Lançado em 11 de junho de 2021, “Mammoth WVH” é o álbum de estreia do Mammoth WVH, banda do guitarrista e vocalista Wolfgang Van Halen. Sim! Estamos falando do filho de um dos mestres das guitarras, Eddie Van Halen e consequentemente sobrinho de Alex Van Halen.

Falar do início da carreira do jovem músico estenderia esta resenha, soando desconexa, já que o tema principal é seu disco de estreia, que provavelmente tenha provocado reações diversas antes mesmo do seu lançamento, porém, acredito que “surpresa” é a palavra que define bem este trabalho.

É preciso dizer que com apenas 30 anos de idade, o jovem nasceu, cresceu e conviveu num ambiente movido a música, afinal de contas, ele cresceu numa família de músicos (excelentes, diga-se) onde pai e tio tornaram-se referências para várias gerações, escrevendo assim seus nomes na história da música. Em especial seu pai, considerado um dos maiores guitarristas de todos os tempos.

Então é mais que certo que Wolfie (como é conhecido) teve o peso do seu sobrenome sobre seus ombros, encarando a missão de lançar um disco onde ele é o grande mentor, não deve ter sido tarefa fácil. Porém, arriscar faz parte da vida e quando a genética e/ou o DNA estão literalmente envolvidos, então a história é outra e o resultado final não costuma ter falhas.

Responsável por todos os instrumentos e também pelas vozes, o jovem rapaz surpreende com um disco onde a musicalidade definitivamente não está ligada a banda do seu pai, a qual ele (Wolfie) também passou a integrar.

Em seu debut, o músico oferece ao ouvinte um Rock “moderno”, descompromissado e sem um rótulo específico.

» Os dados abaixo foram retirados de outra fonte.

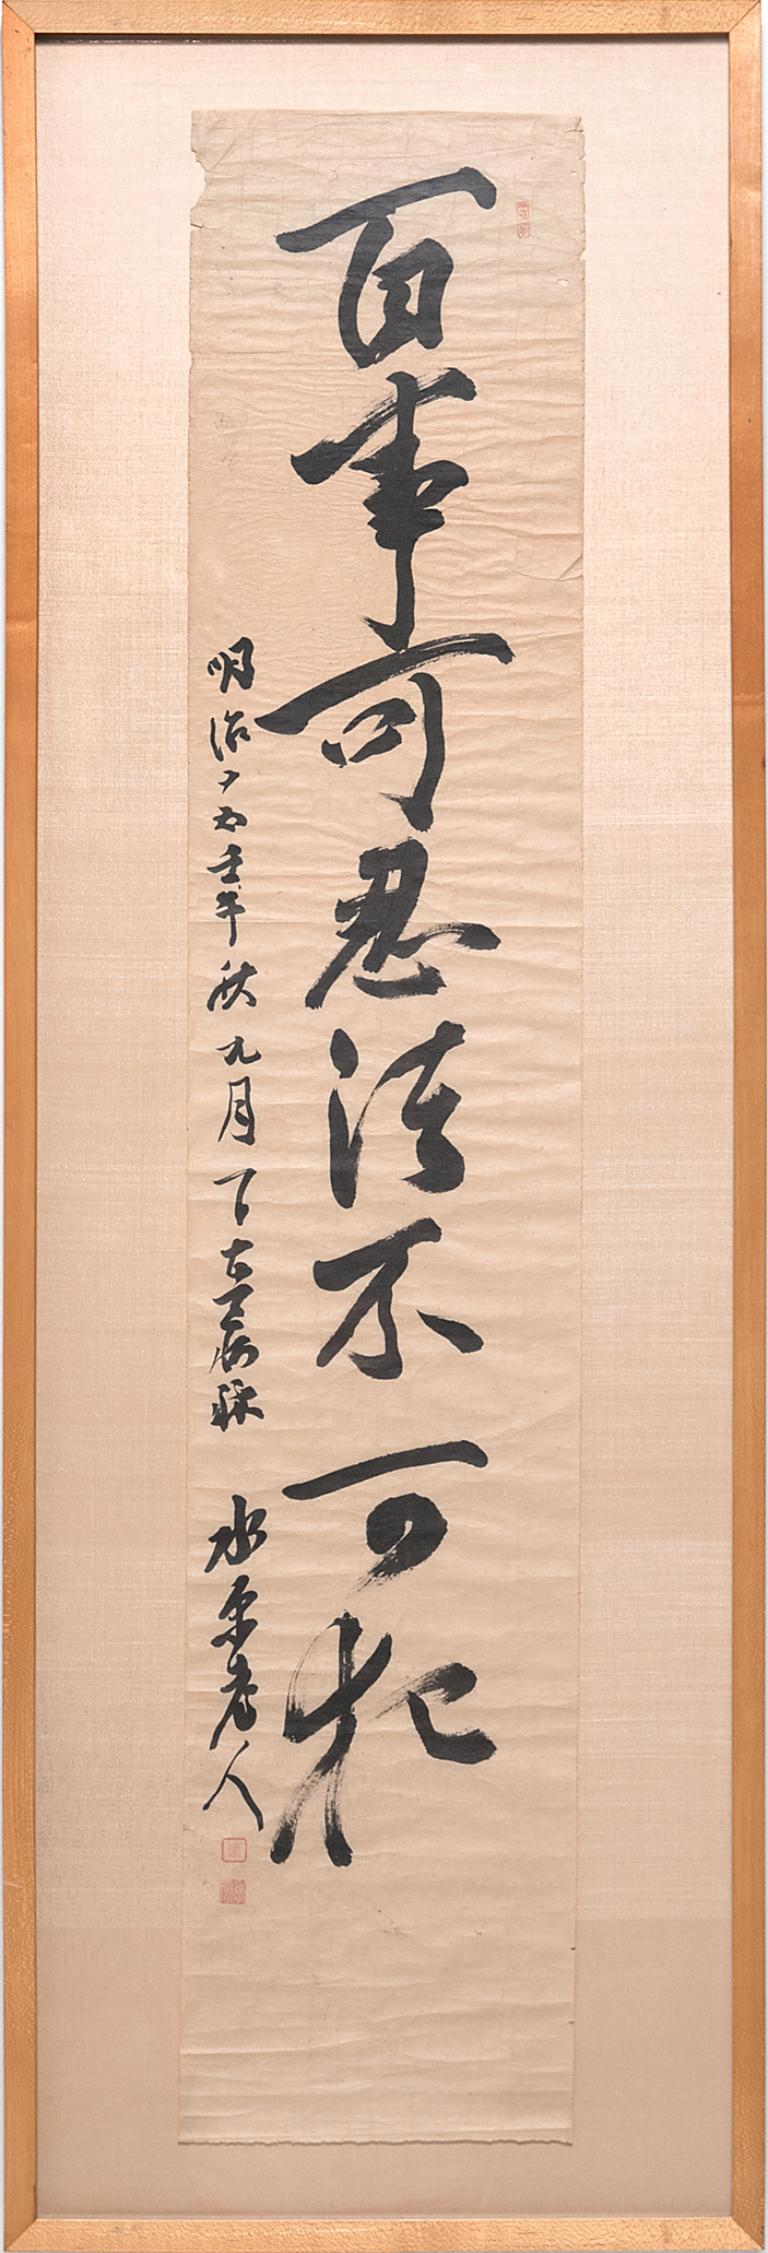 Chinesische Kalligraphie-Schnörkel, um 1920

O que se ouve aqui são músicas com entonações e melodias do chamado “Rock Moderno”.

Nomes como: Creed, Alter Bridge, Daughtry, Foo Fighters, Linkin Park, Incubus, Fuel, Audioslave, Queen Of the Stone Ages e, em determinados momentos, algo de Monster Magnet, Soundgarden, Velvet Revolver, Art Of Anarchy, Stone Temple Pílots, Smashing Pumpkins e Alice In Chains, são alguns dos exemplos.

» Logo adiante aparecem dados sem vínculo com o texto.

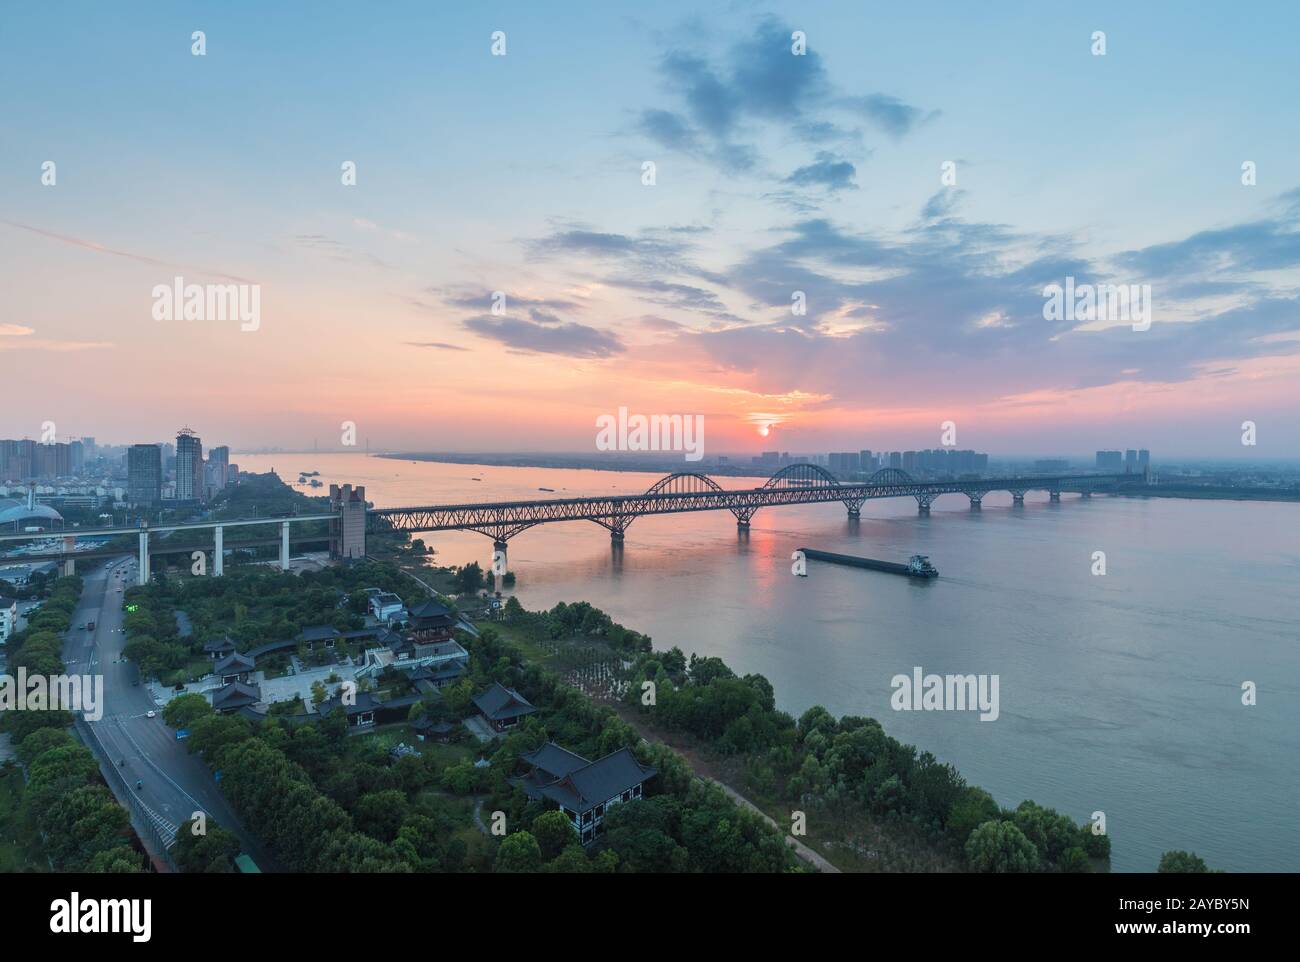 jiujiang yangtze river bridge at dusk Stock Photo

Vale lembrar que ele (Wolfie) também integra o Van Halen desde 2006, quando substituiu Michael Anthony, que deixou o posto em 2005.

Sua estreia na banda aconteceu no disco “A Different Kind of Truth”, lançado em 2012. Vale lembrar que naquele momento Wolfie era tão somente um jovem garoto de apenas 16 anos de idade.

Sobre seu disco de estreia: Gravado no estúdio 5150, onde grandes obras musicais do Van Halen ganharam vida, “Mammoth” conta com 14 faixas inéditas e o destaque para “Distance”, canção composta em homenagem ao seu pai (Eddie) que a princípio não estaria na tracklist.

Fazendo uma transição entre o Rock Alternativo, Modern Rock e o Hard Rock, nos deparamos com canções interessantes, apresentando influências musicais diversas que irão agradar alguns e certamente desagradar outros, No entanto, está claro que o objetivo do jovem rapaz não é ter uma banda cuja música seja uma cópia daquela que ele cresceu ouvindo e posteriormente passaria a ser um integrante oficial.

Fica claro que o jovem rapaz busca seu caminho e sua identidade musical já que tem um sobrenome (e um talento) a zelar, e isso por si só já abre portas. Na real, as portas já se escancararam.

Contudo, é preciso enfatizar que em poucos meses de lançamento, o disco já alcançou a 15a posição da Billboard Top 200, o que definitivamente não é nada desanimador para um trabalho de estreia de uma banda também estreante. Não é verdade?

“Mammoth” já nasceu com uma carga imensa de cobranças e responsabilidades. Enxergando isso e sabendo que tais responsabilidades têm um peso enorme, Wolfie resolveu que era hora de transformar seu projeto de “One Man Band” em uma banda de fato, já que o músico foi convidado para a turnê “We’re F’n Back” do Guns N’ Roses, que começou em 31 de julho em Hershey e se estende até 3 de outubro com um show em Hollywood.

Sendo assim, o Mammoth WVH conta atualmente com Wolfgang (guitarras e vocais principais), Frank Sidoris e Jon Jourdan (guitarras, backings), Ronnie Ficarro (baixo, backings) e Garrett Whitlock (bateria).

Em quase 60 minutos de duração (58 minutos pra ser mais exato), o disco apresenta boas canções, surpreendendo o ouvinte ao longo de suas 14 faixas em momentos geniais como “Epiphany”, “Resolve”, “You’ll Be The One”, “Circles”, “The Big Picture”, “Think It Over” e “Distance”, esta última , lançada como faixa bônus um mês após a morte de Eddie Van Halen.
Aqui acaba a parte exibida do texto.